# Bringing Light to Shadow by Pam Dennison



## LUV_GSDs (Oct 22, 2006)

I consider this book a must for any of those rescuers who have discovered they have a human aggressive dog; it shows there is hope and there are trainers that will not give up on the dog.

I love Pam's book Bringing Light to Shadow because the lessons learned really hit home. The book is easy to read but I keep rereading sections just to make sure I don't make the same mistakes twice. 

Some info on the book:
http://www.positivedogs.com/bltsintro.html


----------



## Kuklasmom (May 13, 2005)

It sure looks like a worthwhile book--thanks for posting the link!


----------



## LUV_GSDs (Oct 22, 2006)

Thanks for saying so. I really loves Pam's books but this was my favorite as it tells the story. Pam will not give up on any dog; she is really amazing.


----------



## artisgsd (Nov 16, 2005)

This is a very good book!


----------



## Kayos and Havoc (Oct 17, 2002)

It was good. I think it had less "this is the way to do this" cookbook fashion but it was an excellent work on the entire process and in no simplified it. 

She was told by a lot of peopl to put him down but she did not. She was also very fortunate to have a good support structure and friends and helpers that were very observant and knew exactly to do what they needed to help the process.


----------



## artisgsd (Nov 16, 2005)

Happy Birthday, Kath!


----------



## Jakoba (Dec 7, 2006)

Just got this and can't wait to dig into it. 

Thanks for the link.


----------



## Jakoba (Dec 7, 2006)

So does anybody know what happpened after the book was finished that made her put Shadow down??

It's been a great read so far, I'm about halfway through it.


----------



## LUV_GSDs (Oct 22, 2006)

Please finish the book I hate to spoil Shadow's story.


----------



## phgsd (Jun 6, 2004)

I don't think she put him down...I did a class with her with my JRT last fall and as far as I know she still has him, although it's been a while since I talked to her so I could be wrong!


----------



## larrydee33 (Feb 25, 2007)

Sounds like a real good book


----------



## Jakoba (Dec 7, 2006)

Well that's good news!

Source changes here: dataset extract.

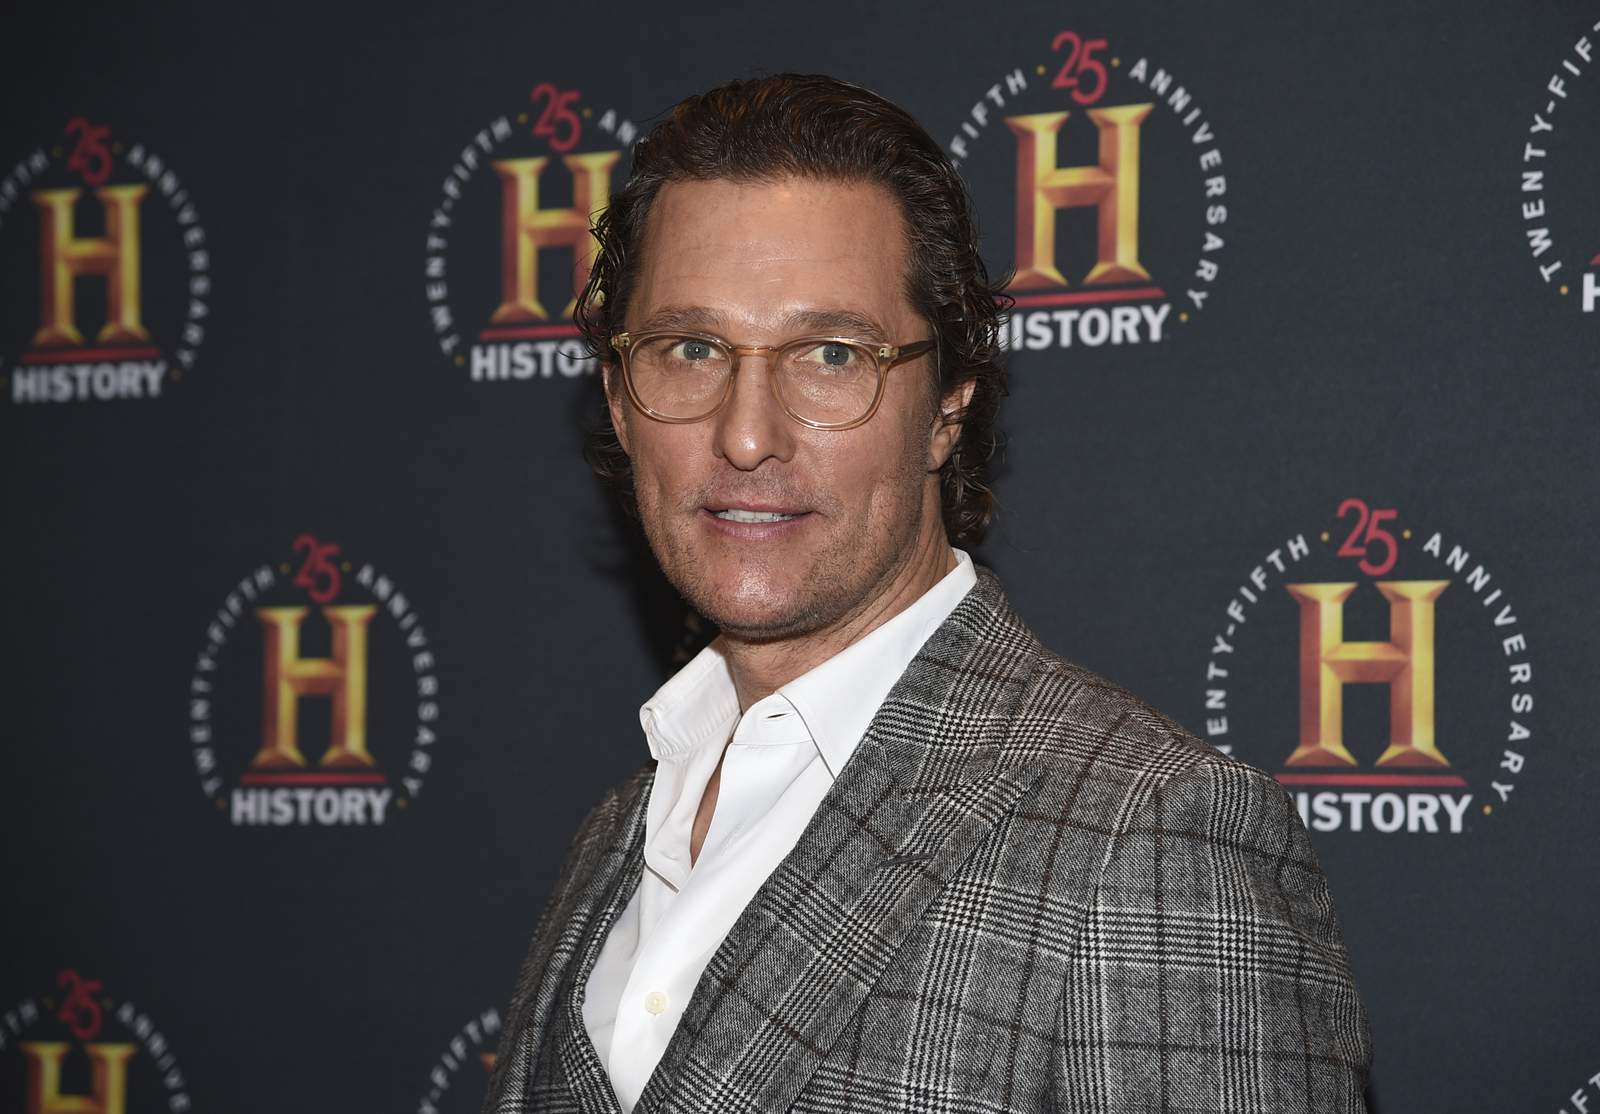 Matthew McConaughey says he is considering running for Texas governor

I don't know why I had it in my head she had to put him down. Sorry for the confusion.









I'm halfway through it and just need about 2-3 hours of free time to finish it up.


----------



## LUV_GSDs (Oct 22, 2006)

Ok I have to add to this: she didn't put him down and I just saw him this January. Shadow is a great dog now.


----------



## LUV_GSDs (Oct 22, 2006)

I love the end of the book and I keep rereading it to encourage myself.


----------